_Task objective_
Return the listing below verbatim. Pictures do not belong in the copy.

_Data section_
:::
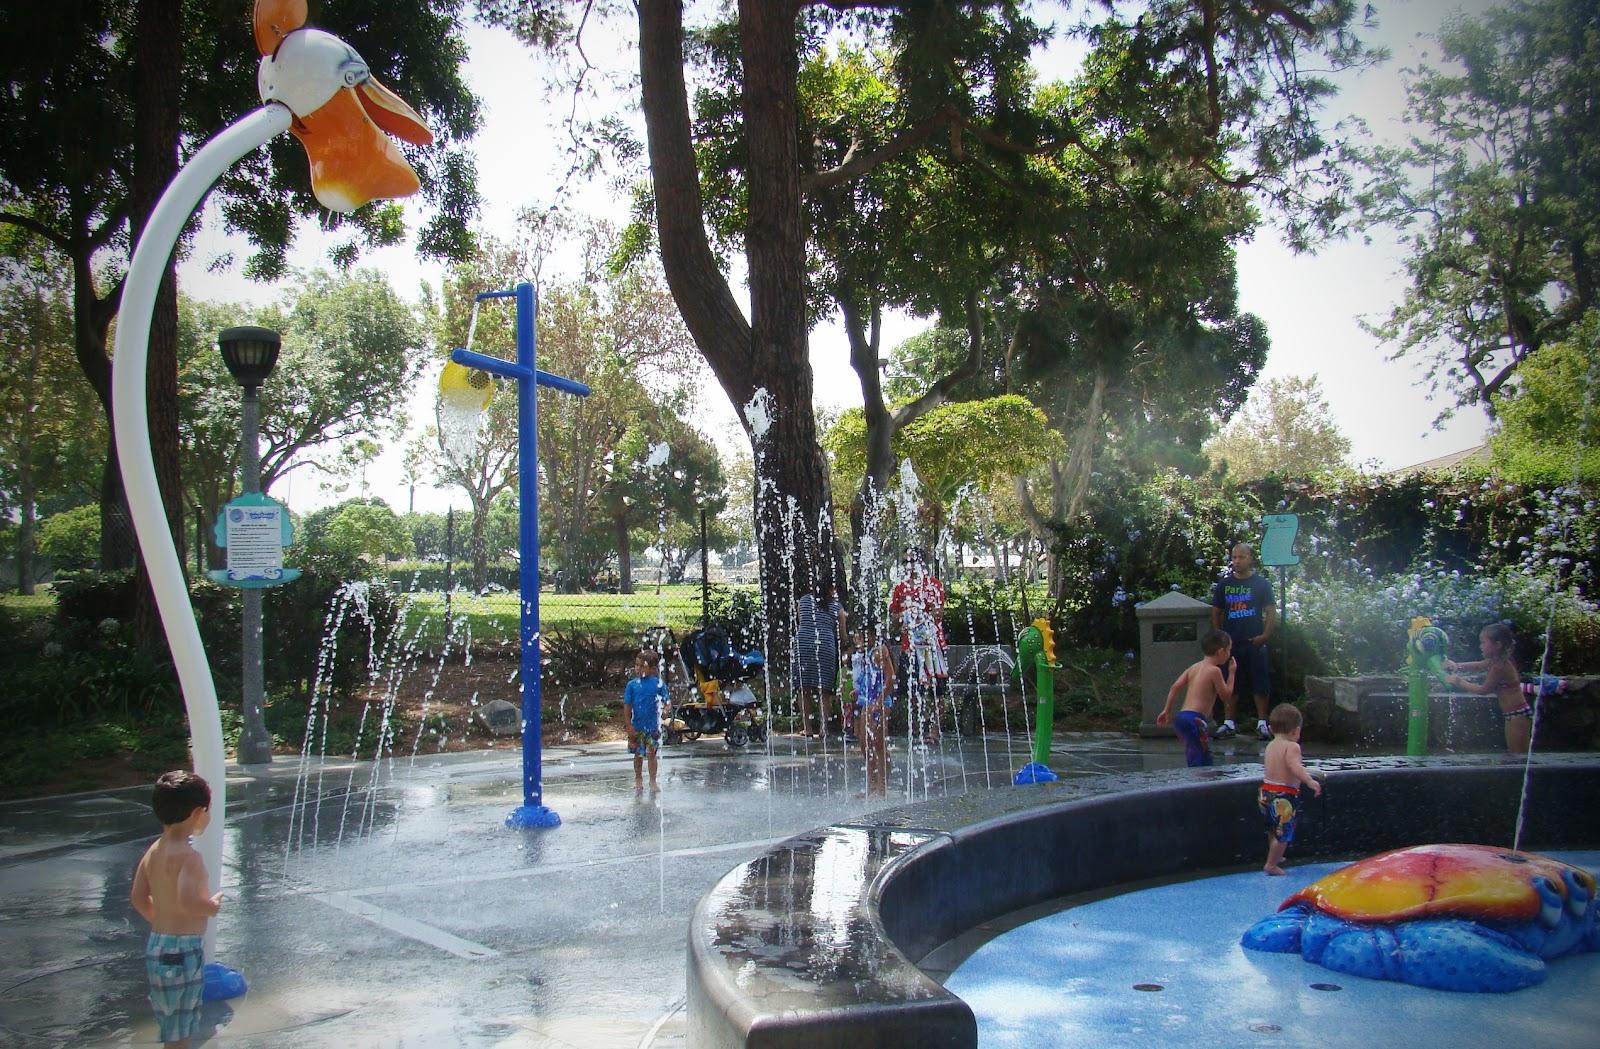 Atlantis Play Center Splash Pad Toddler Trails
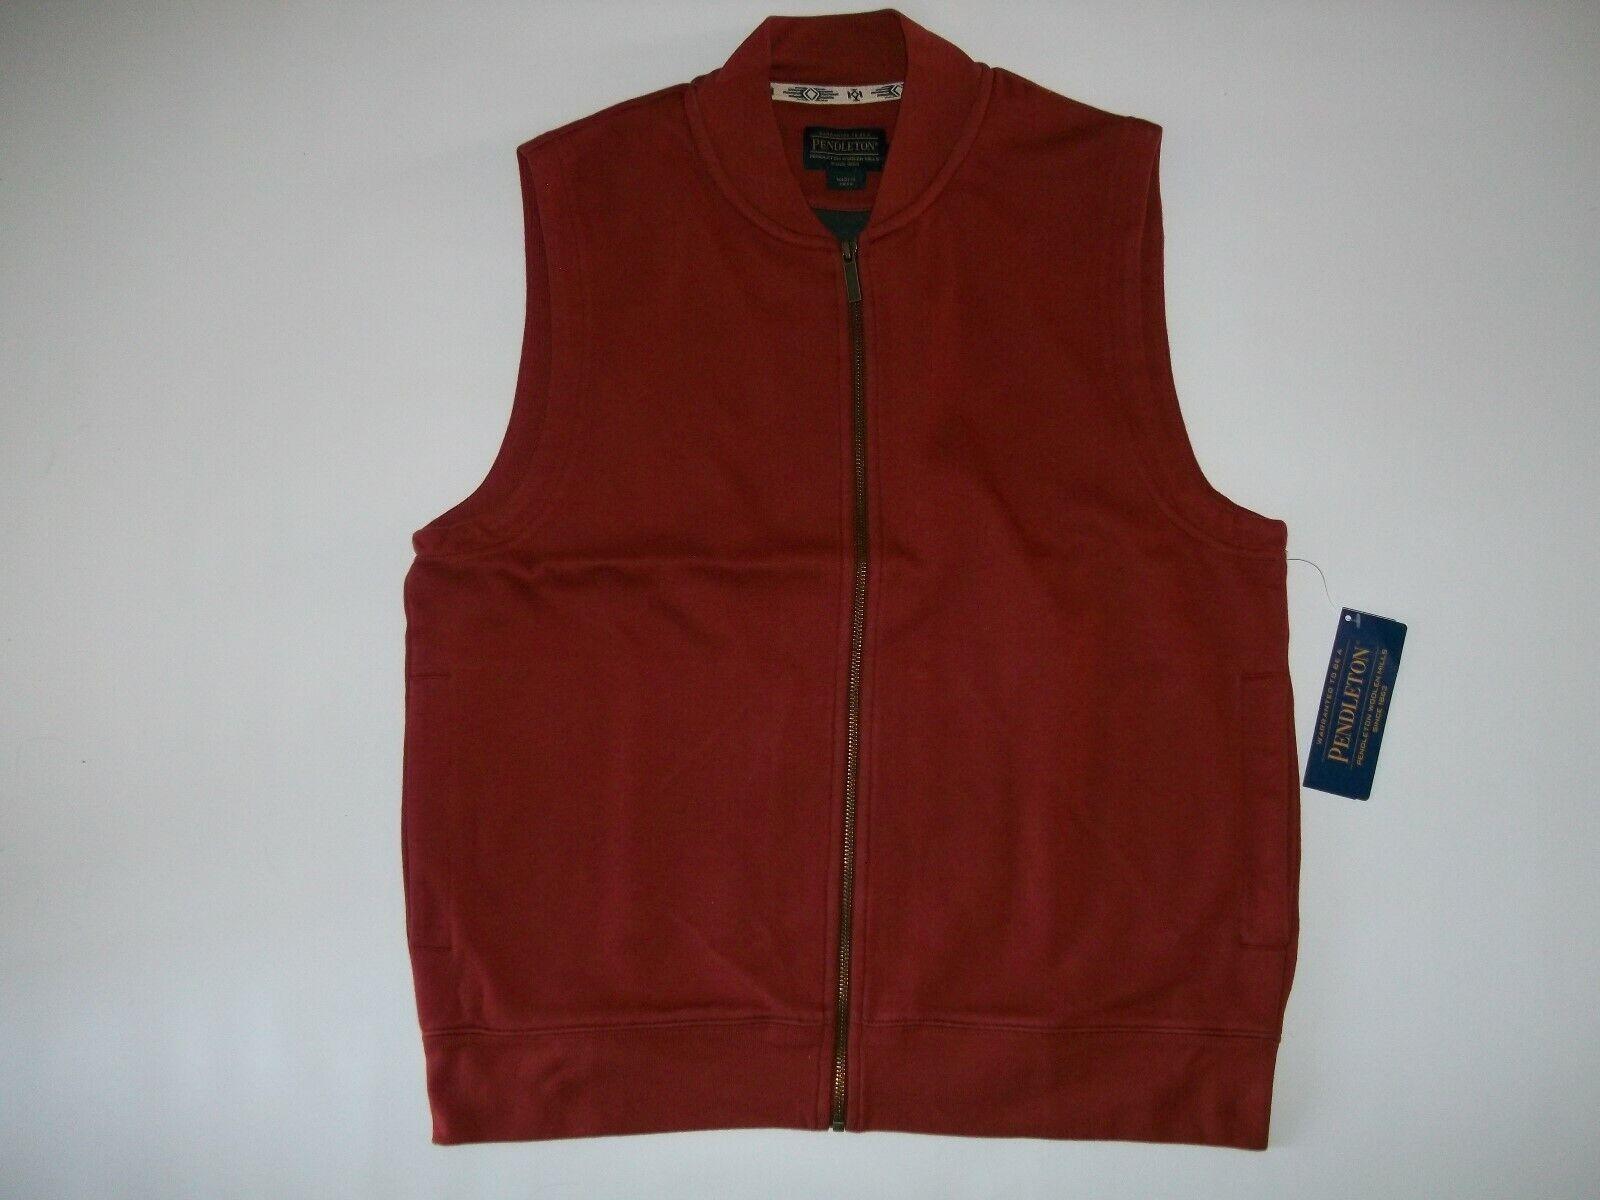 Pendleton Rost   Grau Alsea Fleecefutter Reißverschluss Top Jacke Herren Größe S
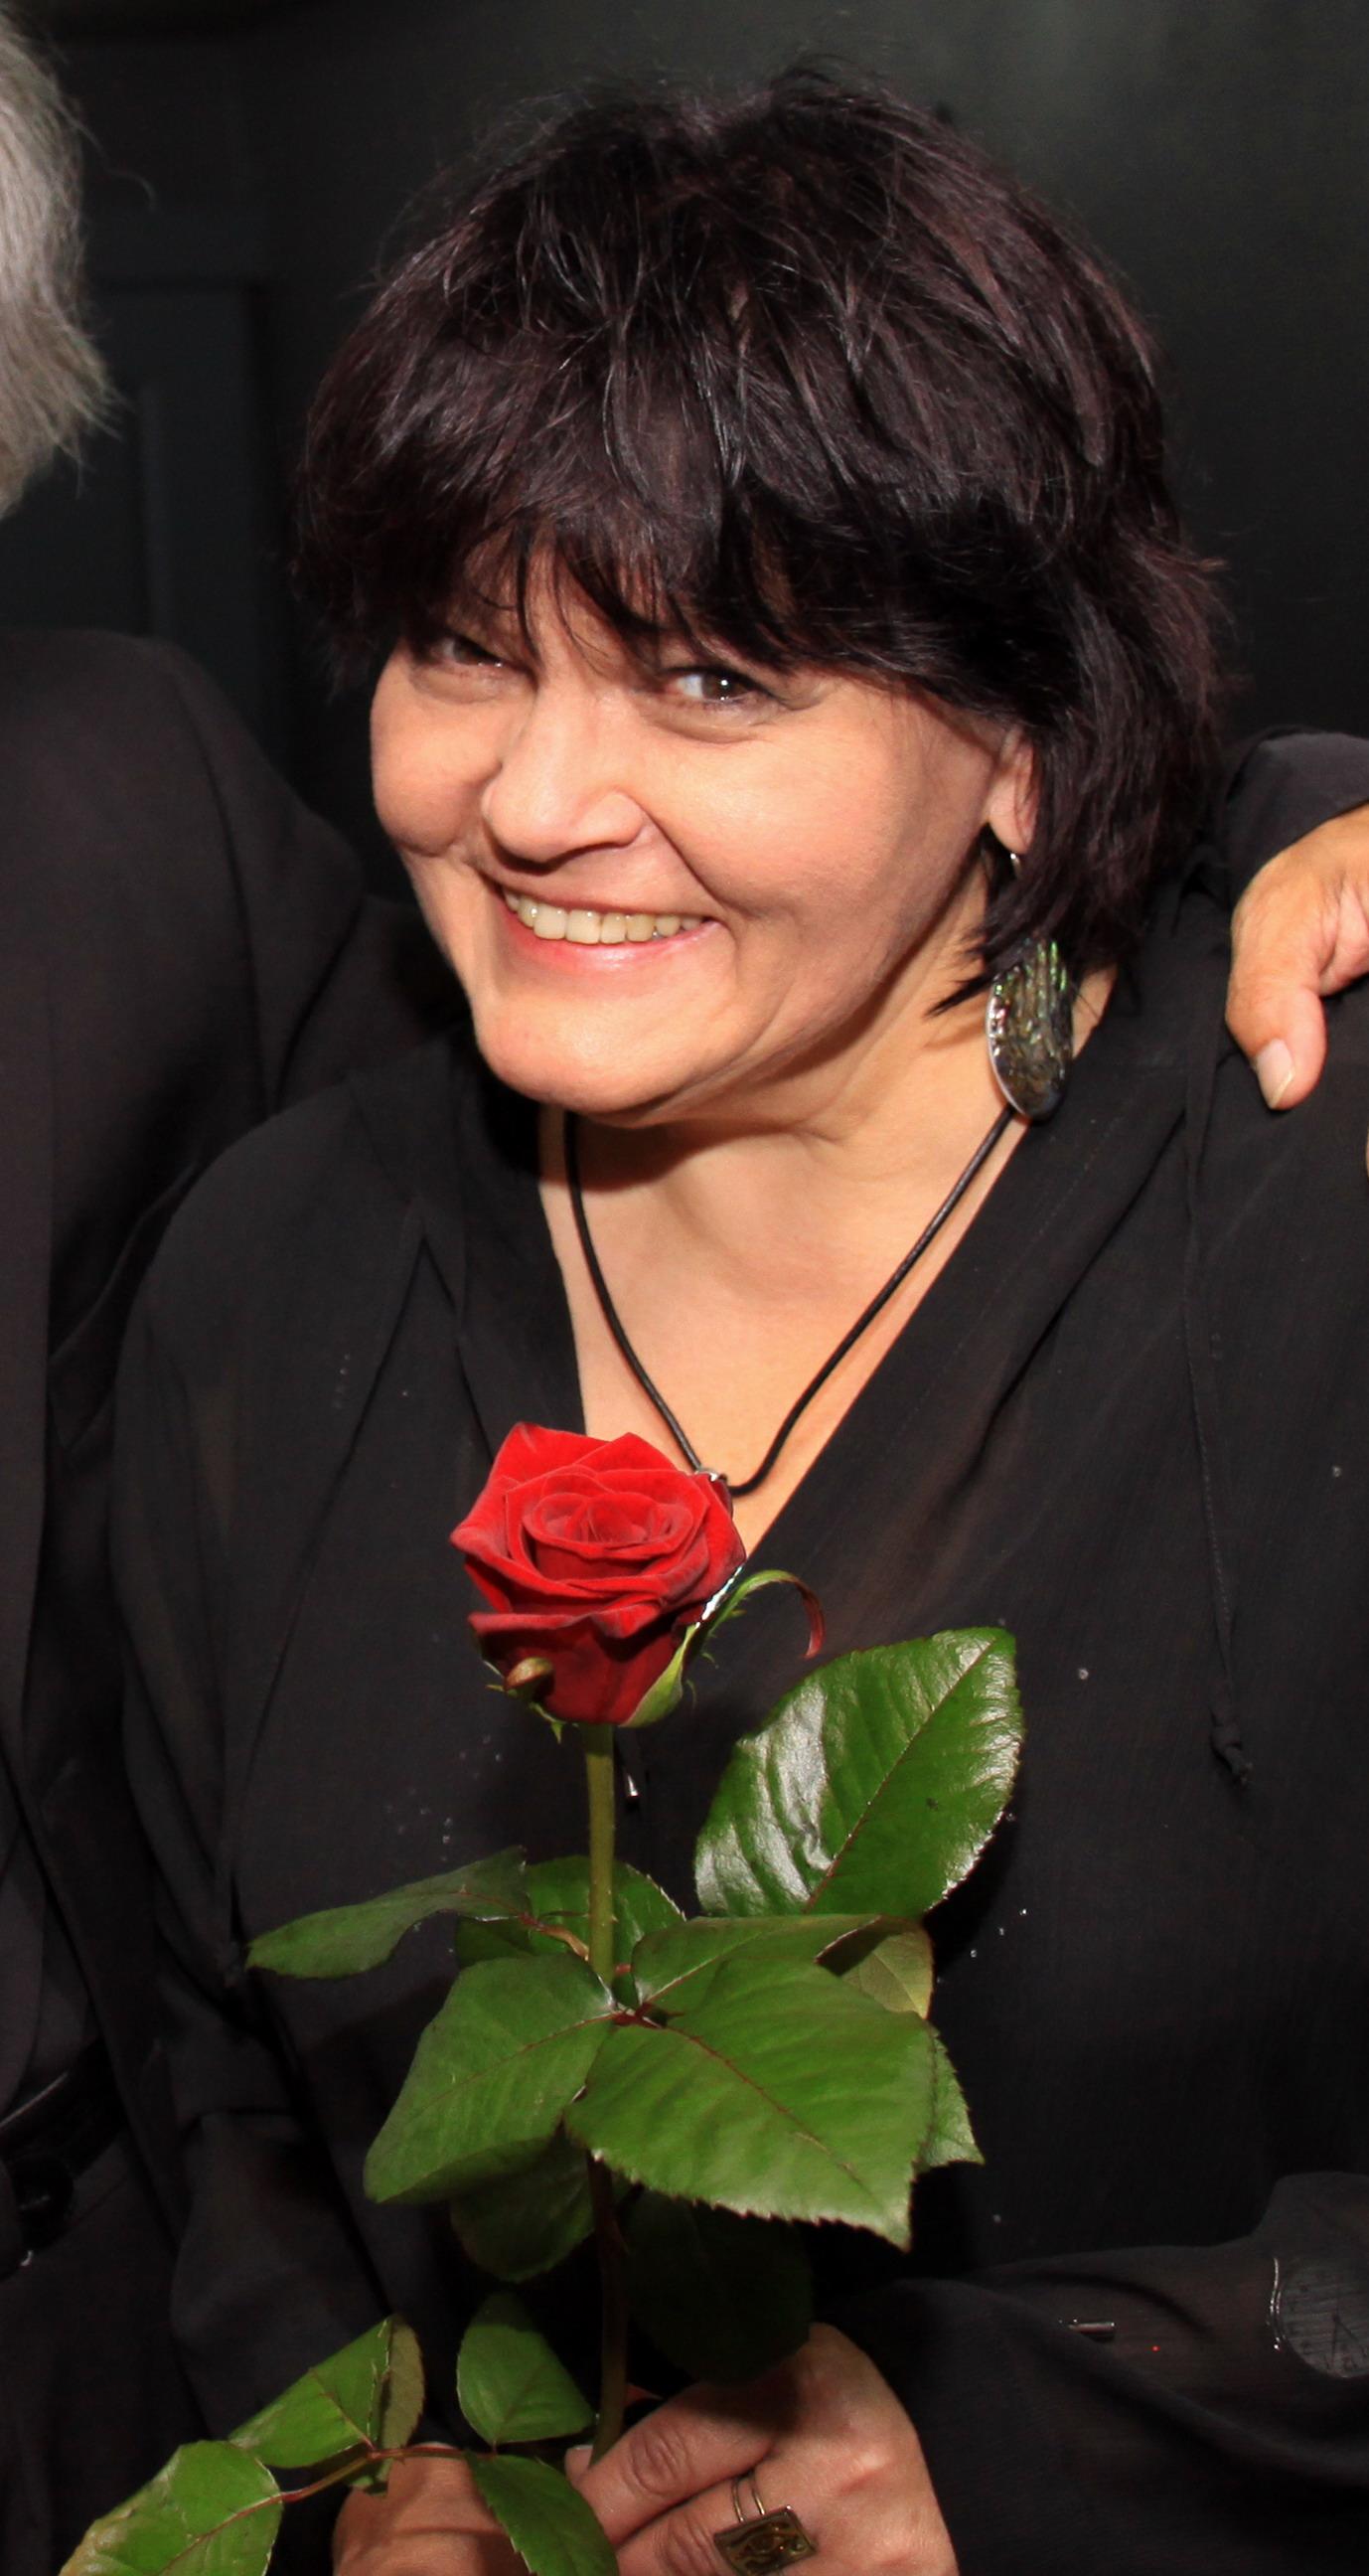 http://upload.wikimedia.org/wikipedia/commons/f/ff/JKruk_20120525_ELZBIETA_ADAMIAK_BUSKO_IMG_0478.jpg
:::
_Result of the task_
 Atlantis Play Center Splash Pad Toddler Trails
 Pendleton Rost   Grau Alsea Fleecefutter Reißverschluss Top Jacke Herren Größe S
 http://upload.wikimedia.org/wikipedia/commons/f/ff/JKruk_20120525_ELZBIETA_ADAMIAK_BUSKO_IMG_0478.jpg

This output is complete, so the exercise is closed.